[Data excerpts]
────────

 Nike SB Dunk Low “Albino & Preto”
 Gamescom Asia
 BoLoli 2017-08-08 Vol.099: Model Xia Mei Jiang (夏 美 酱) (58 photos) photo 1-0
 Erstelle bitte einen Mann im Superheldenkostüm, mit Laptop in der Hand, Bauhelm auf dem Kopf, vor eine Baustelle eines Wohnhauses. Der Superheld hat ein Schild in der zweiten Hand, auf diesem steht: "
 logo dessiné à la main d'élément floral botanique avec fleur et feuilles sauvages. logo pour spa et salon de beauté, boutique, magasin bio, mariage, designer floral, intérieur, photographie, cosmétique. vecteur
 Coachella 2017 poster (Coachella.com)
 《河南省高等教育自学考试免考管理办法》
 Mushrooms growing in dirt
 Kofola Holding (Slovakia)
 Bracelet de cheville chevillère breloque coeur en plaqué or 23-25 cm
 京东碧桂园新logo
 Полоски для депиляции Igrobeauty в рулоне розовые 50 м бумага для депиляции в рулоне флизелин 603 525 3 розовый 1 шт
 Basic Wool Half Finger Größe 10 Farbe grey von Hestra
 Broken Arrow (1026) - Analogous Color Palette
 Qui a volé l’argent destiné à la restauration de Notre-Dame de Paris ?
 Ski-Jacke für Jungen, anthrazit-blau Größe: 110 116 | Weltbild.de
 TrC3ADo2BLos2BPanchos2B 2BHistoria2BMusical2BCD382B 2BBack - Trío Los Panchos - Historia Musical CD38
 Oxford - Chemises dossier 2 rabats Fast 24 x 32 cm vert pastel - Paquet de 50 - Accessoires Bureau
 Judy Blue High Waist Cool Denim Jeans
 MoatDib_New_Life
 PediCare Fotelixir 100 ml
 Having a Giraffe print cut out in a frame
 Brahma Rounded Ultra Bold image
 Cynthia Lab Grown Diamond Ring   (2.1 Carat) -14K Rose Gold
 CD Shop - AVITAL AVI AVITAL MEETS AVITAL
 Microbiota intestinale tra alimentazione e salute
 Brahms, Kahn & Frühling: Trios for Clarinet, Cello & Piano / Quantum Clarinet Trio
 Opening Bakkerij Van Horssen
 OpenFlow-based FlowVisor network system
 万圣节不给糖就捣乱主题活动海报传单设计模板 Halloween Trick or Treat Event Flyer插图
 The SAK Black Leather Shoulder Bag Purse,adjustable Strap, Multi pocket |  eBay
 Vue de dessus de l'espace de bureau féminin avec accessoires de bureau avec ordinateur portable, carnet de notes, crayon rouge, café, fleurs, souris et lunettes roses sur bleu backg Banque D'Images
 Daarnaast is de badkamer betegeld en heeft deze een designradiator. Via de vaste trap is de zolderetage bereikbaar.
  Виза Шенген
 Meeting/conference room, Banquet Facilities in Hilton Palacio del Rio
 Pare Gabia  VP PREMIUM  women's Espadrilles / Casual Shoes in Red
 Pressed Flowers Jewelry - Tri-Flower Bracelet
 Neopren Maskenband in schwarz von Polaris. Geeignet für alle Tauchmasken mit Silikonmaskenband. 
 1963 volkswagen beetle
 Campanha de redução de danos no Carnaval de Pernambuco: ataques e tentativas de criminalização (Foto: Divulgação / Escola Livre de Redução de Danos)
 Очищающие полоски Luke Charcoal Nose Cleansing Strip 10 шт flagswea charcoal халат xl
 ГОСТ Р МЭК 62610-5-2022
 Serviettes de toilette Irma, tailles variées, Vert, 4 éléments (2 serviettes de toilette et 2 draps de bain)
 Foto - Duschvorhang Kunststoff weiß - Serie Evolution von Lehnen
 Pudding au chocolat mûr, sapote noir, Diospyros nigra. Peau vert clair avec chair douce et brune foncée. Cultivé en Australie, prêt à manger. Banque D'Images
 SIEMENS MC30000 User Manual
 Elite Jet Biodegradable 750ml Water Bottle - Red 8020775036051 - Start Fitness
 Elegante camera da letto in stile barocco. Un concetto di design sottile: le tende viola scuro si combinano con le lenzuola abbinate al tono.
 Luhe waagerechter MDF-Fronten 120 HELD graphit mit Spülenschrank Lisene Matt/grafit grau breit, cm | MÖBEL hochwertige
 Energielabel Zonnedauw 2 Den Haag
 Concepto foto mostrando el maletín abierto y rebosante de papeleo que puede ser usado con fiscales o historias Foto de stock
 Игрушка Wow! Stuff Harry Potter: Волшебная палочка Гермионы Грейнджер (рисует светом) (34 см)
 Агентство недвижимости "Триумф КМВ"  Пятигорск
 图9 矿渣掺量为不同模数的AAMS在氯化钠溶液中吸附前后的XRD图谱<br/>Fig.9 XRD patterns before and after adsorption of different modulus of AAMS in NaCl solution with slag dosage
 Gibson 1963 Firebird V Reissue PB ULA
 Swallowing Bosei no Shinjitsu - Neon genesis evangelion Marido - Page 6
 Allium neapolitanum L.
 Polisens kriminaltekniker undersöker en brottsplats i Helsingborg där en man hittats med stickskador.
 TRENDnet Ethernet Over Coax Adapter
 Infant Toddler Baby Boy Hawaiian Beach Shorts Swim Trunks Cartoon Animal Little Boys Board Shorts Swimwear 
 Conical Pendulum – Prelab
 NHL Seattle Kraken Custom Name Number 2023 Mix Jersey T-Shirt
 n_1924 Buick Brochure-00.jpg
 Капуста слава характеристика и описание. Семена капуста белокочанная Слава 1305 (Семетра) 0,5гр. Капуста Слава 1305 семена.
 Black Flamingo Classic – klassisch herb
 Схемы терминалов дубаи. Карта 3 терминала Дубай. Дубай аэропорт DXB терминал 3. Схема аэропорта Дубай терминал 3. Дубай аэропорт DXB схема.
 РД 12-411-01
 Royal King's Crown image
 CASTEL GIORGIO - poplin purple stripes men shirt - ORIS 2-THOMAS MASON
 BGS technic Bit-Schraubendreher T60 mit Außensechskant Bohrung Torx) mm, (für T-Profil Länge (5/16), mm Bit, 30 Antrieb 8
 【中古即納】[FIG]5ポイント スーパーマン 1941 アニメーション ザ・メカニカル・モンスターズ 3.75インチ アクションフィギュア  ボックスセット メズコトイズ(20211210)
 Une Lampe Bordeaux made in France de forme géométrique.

────────

■ What is needed:
Only the lines above starting with the one with "Broken Arrow (1026)" and going through the one with "TrC3ADo2BLos2BPanchos2B 2BHistoria2BMusical2BCD382B 2BBack" are to be copied, word for word and with both ends kept.

■ The answer:
 Broken Arrow (1026) - Analogous Color Palette
 Qui a volé l’argent destiné à la restauration de Notre-Dame de Paris ?
 Ski-Jacke für Jungen, anthrazit-blau Größe: 110 116 | Weltbild.de
 TrC3ADo2BLos2BPanchos2B 2BHistoria2BMusical2BCD382B 2BBack - Trío Los Panchos - Historia Musical CD38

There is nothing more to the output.